Uh, Oh – Welcome Echelon One!

Well, the Echelon One folks are certainly gearing up to be a force to reckon with in the security space. Scott Blake and David Mortman, two sharp guys, outline three reasons why they believe disclosure is beneficial (and I respond):

First, vulnerabilities in the public domain have little to no economic value to actors willing to pay to suppress the information.

It is not clear to me how this tautology is meaningful in the context of the issue, unless suppressing the information is an unwanted outcome. Given that the entire position is about disclosure, I interpret this reason as essentially saying disclosure is good because suppression is bad. But we need the reason why suppression is bad.

Second, although vendors should always be given a chance to respond to vulnerability information before it is publicized, the expectation that disclosure will inevitably occur is an essential economic incentive that pushes vendors to build more secure technology.
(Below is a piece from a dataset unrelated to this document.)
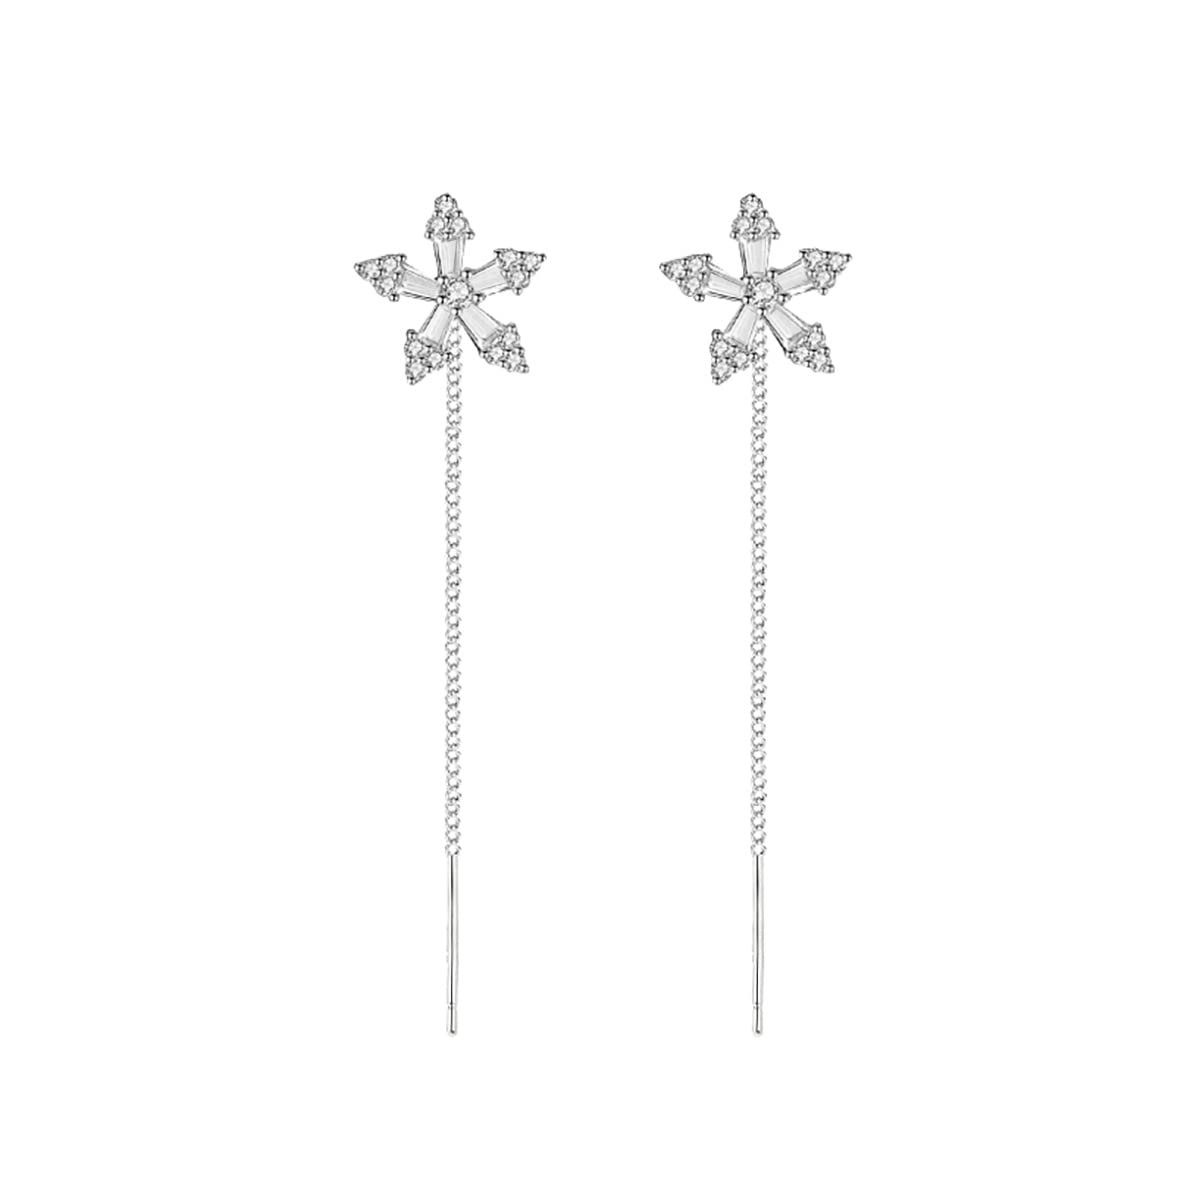 POCHUMIDUU Paar Ohrhänger 925 Sterling Silber CZ Blumenbaum Ohrringe Kette (2-tlg., Schneeflocke Blume Dangling Ohrringe Einfädelquaste), für Frauen Teenager Mädchen silbrig

I don’t deny the power of blackmail. I was just reading today an opinion that suggests it was used against Apple ("Since Apple was going to take research, not give proper attribution, and smear security researchers, the security research community responded …"). But non-disclosure (actually, non-discovery) is much less expensive and would accomplish the same goal. In addition, we never set a benchmark for "secure enough" which is a real problem – if "more secure" only means fixing every new vulnerability as it is found, the end goal is a moving target that provides no comfort at all – you can never be sure if/when you are done. Even worse, you can’t tell whether you have surpassed the law of diminishing returns. In any case, we are much better off perfecting the alternative protection strategies that don’t rely on this model.

Third, and perhaps counter-intuitively, enterprises are less at risk from the exploitation of vulnerabilities that are publicly known than from those that are held in secret.

This is simply, and provably, false. Unless the risk in question is unrelated to exploits/incidents. And even if it were true, there is a problem with the allocation of resources – enterprises spend much more time on the former vulns and not the latter ones.

Scott, David – your thoughts?

2 comments for “Uh, Oh – Welcome Echelon One!

  1. March 22, 2007 at 12:23 am

    Got to agree with you here. A number of people are doing research on how many zero-day exploits are out there on random websites. I wish I had the stats to refute the Echelon One guys. I wish they would actually offer up some evidence on this point so as to make it more than pure opinion.

  2. March 22, 2007 at 9:40 am

    Hi Pete! I’m glad the abstract of our research paper caught your eye. There is, of course, more detail and evidence in the paper itself, which is available to our subscribers. However, I’ll summarize somewhat less briefly than the abstract.

    On the first point, I think you’ve missed what we’re saying. You have to consider who the actors are who are willing to pay to suppress vulnerability information. While there are many people who want to suppress, there are demonstrably very few will to pay for the suppression. They are, almost entirely, the bad guys. I think you’ll agree that taking vulnerabilities out of the hands of the bad guys is a good idea.

    Second, the history of vulnerability repair is very clear on this point. Prior to the wonderful world we have reached today, precious few software makers would fix even the most egregious flaws without, as you put it, “blackmail” to move them along. We also recognize that this lever to move vendors can be and has been misused, sometimes more than occasionally. We don’t propose to solve all the problems here, merely that the balance of factors tips in favor of disclosure.

    Our final point is somewhat more anecdotal, but is based on direct experience in large enterprise security operations. I’m curious about your purported “proof.” I think you may be falling into a common trap of thinking that the number of incidents and the visibility of incidents is interchangeable with rigorous calculation of risk. For the latter, we need to understand the true costs of incidents in business terms and there are many examples of very serious incidents that have never been publicly disclosed, the prevention of which would trump many times over any of the big public events like worm outbreaks. These incidents increasingly use previously unknown vulnerabilities.